Even if appellate decisions uphold the previous rulings, an end to the litigation may not be in sight.
“If they affirm the local court’s decision, then there’s always the option that the plaintiff could ask for leave to file to the Supreme Court, which could again push back the finality to this,” Roe said. “It’s hard to anticipate how much longer these cases are gonna go on.”
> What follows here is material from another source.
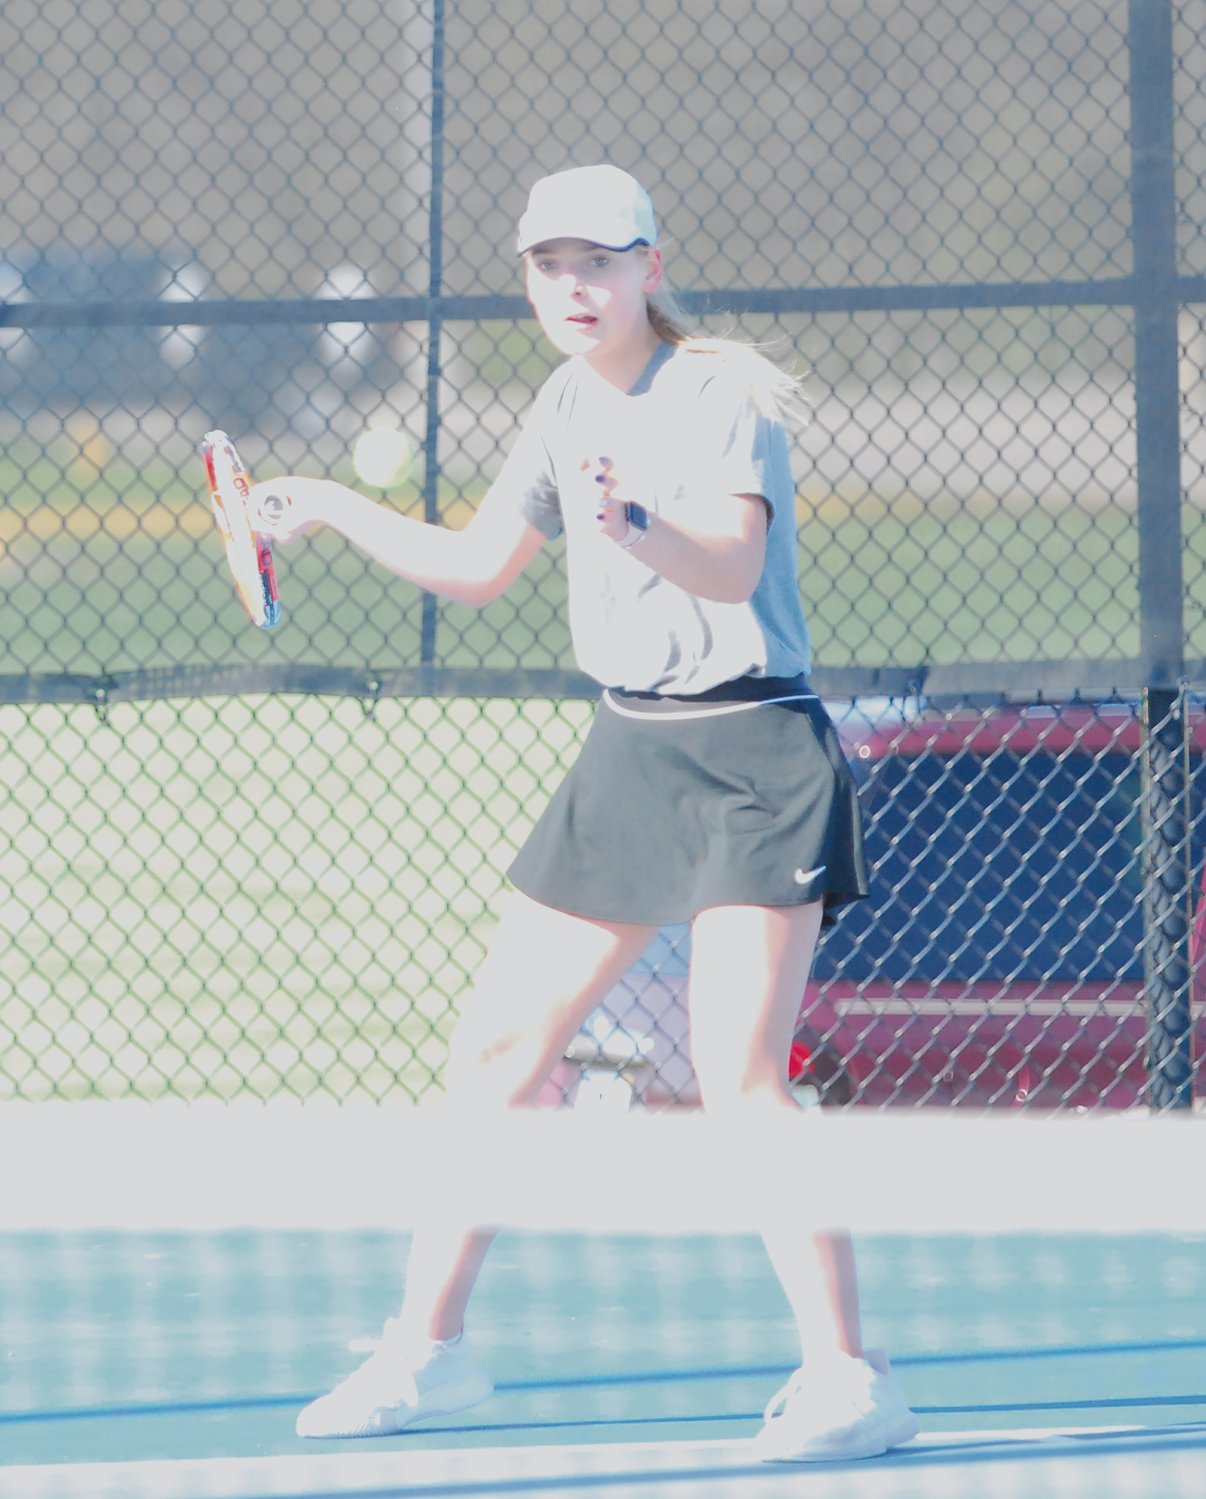 Crawfordsville senior Lauren Hale sealed the win for the Athenians over Southmont with a win at No. 1 singles.

Asked why he ultimately voted in favor of an ordinance he fears could result in litigation, Gorski responded, “I support the wind farms in principle, but object to the process we used to approve the text amendment, and propose to use to approve the wind farms.
“My major concern with the wind farm text amendment, which I have stated repeatedly in public meetings, is that I believe state law requires us to have a public hearing to review each wind farm application,” he explained. “I had hoped to put that hearing language in our ordinance so we all knew what the process was. The hearing language never made it into our ordinance. However, if state law requires a hearing for each application, we are still bound to hold that hearing, regardless of whether we mention it in our ordinance or not.”
Gorski indicated, “I will continue to work to have public hearings for all wind farm applications, because if we fail to hold hearings for each application, I believe the county is opening itself up to lawsuits.”
Meantime, Navitas officials expect to present a formal proposal by early December.
However, again, construction could potentially be delayed up to two years or more if a lawsuit is filed, as indicated by the lawsuits against wind projects in Ogle and Stephenson counties.